Я стал думать, каким отцом буду я, и забыл об Ароне Воле, о батьке Махно и о войне.
Дрезина описала дугу вокруг невысокого холма и сразу за поворотом выскочила на железнодорожный мост через реку.
Сразу за ним, метрах в ста от меня, еле ползла знакомая автомотриса. Сзади и по бокам ее облепили маленькие синие фигурки.
Все-таки застряла, толкают!
Что-то эта картина мне напомнила. Что-то из давнего прошлого. Такое уже было: мальчики в синих мундирчиках и витающий над ними призрак беды.
Но сейчас-то беды произойти не могло.
Обычным образом тормозить было нельзя – я бы врезался в вагончик и передавил детей, но ведь есть аварийный тормоз.
И я рванул его на себя со всей силы…
– Почему ты замолчал? Что произошло? – спрашиваешь ты.
Я замолчал, потому что меня кто-то зовет. Очень настойчиво. Я оглядываюсь.
– После доскажу. Нужно идти. Меня зовут. Разве ты не слышишь?
– Не слышу, – говоришь ты. – Я с тобой. Пожалуйста!
– Ну что ты, – улыбаюсь я. – Подожди здесь. Я быстро. Посмотри на праздник, на людей. Я скоро вернусь, ты и не заметишь. Ну, не прощаюсь.
И о погоде
Погода опять была чудесная. Проснувшись, Мона открыла глаз и тут же снова его закрыла – прямо в зрачок, прицельным выстрелом, ударило солнце. Хотела спрятаться обратно в сон, чтобы еще немножко побыть с тем, кого теперь могла увидеть только во сне, но уже не вышло. Хуже всего, что она никогда не могла вспомнить содержание своих ночных видений.
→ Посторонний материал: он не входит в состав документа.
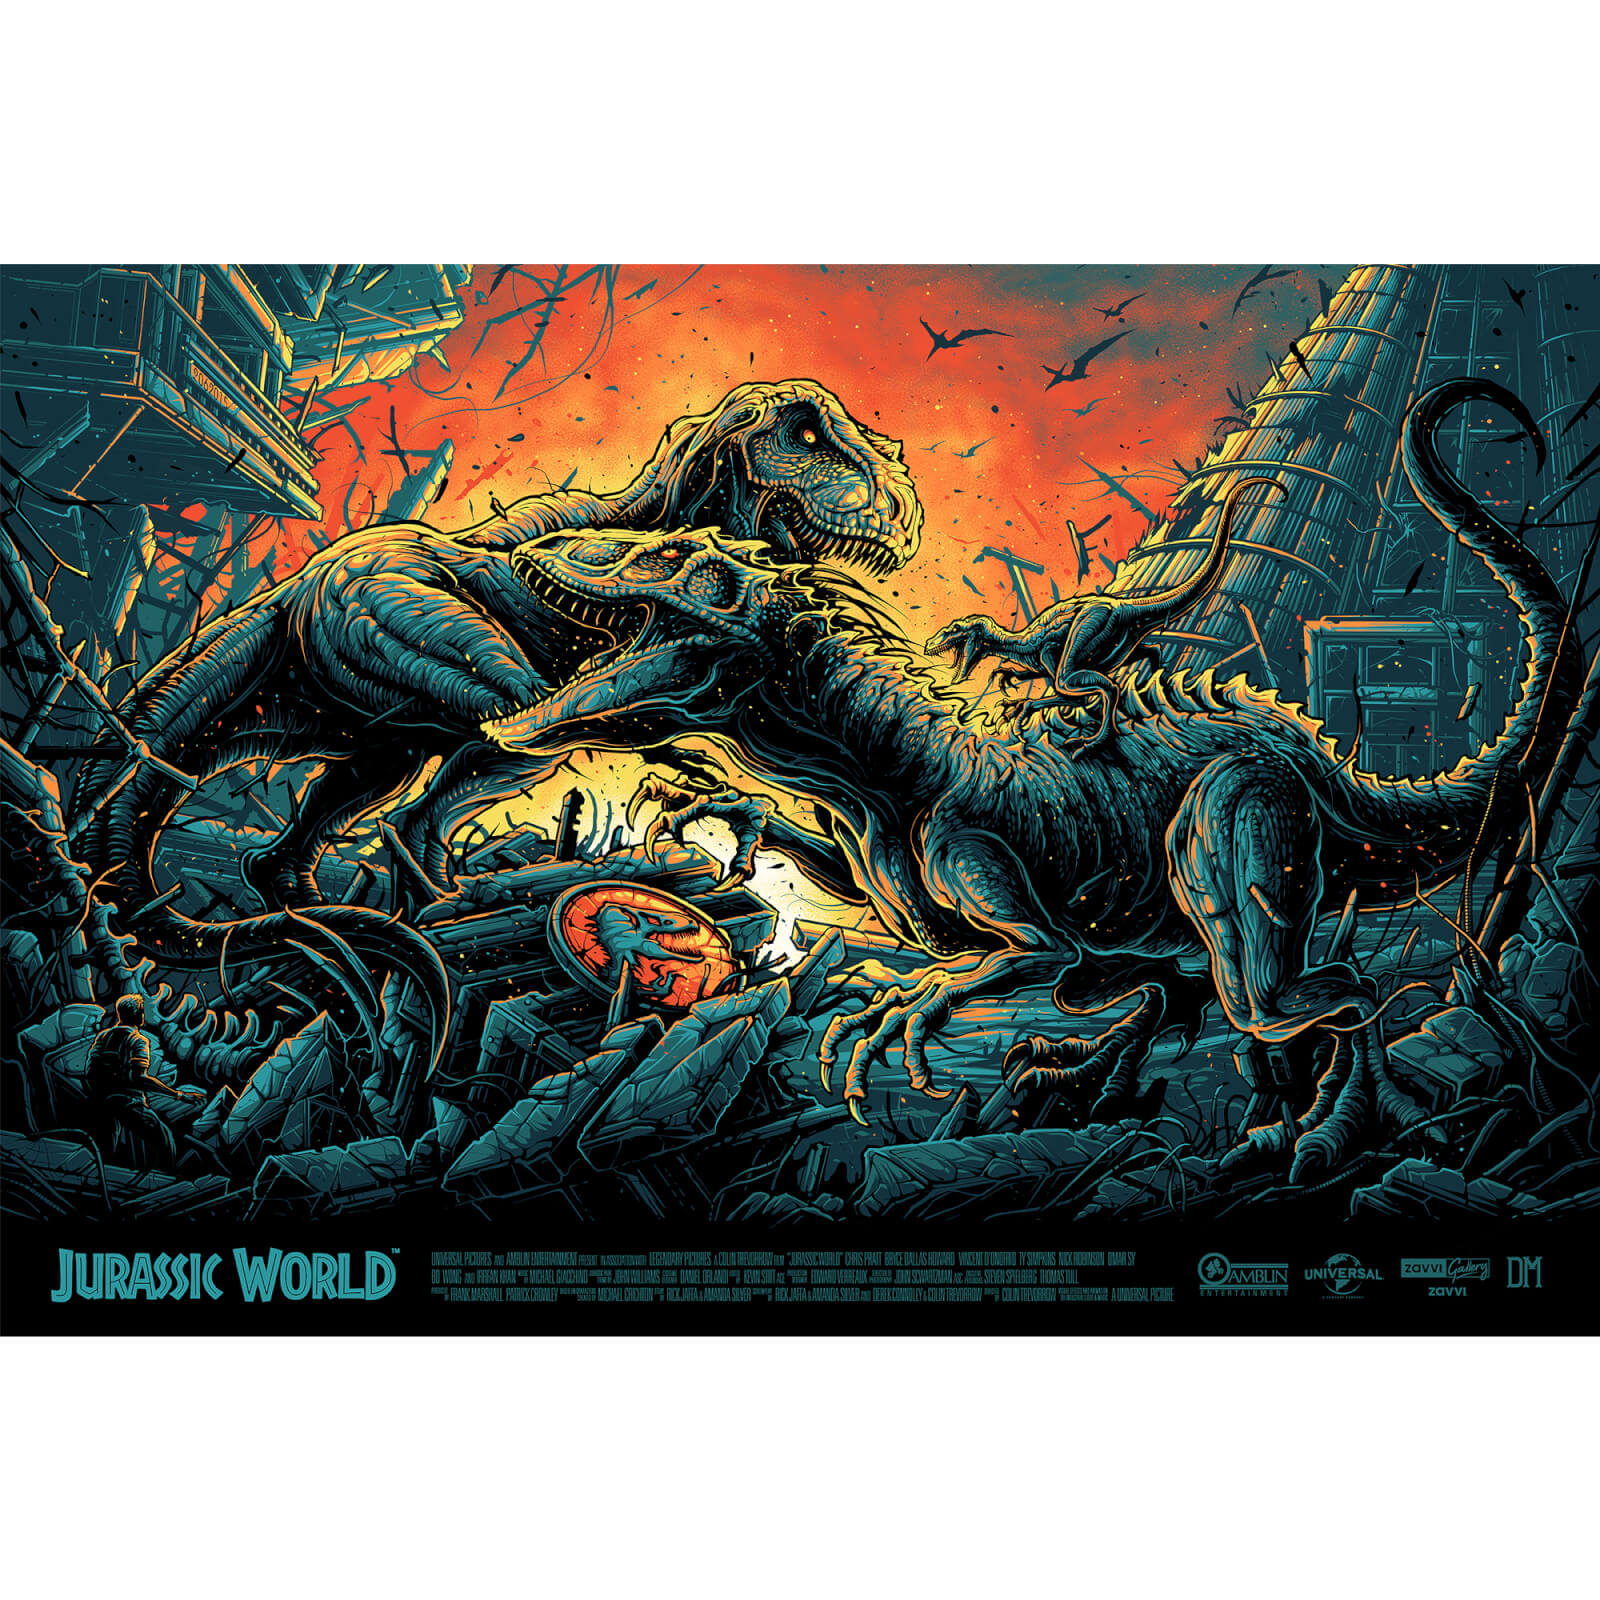 Impression Jurassic World 91*61 cm Zavvi Exclusif - Dan Mumford

Что-то там происходило важное. Но что?
Надо было вставать.
С некоторых пор Мона возненавидела ясную погоду. То ли дело проснешься – и небо в трауре, плачет дождем, стонет ветер. Тогда хорошо. Чувствуешь себя в гармонии с миром. Если же внутри у тебя серая стужа, а вокруг «майский день, именины сердца», природа кажется предательницей. Особенно если это даже никакой не май, а октябрь.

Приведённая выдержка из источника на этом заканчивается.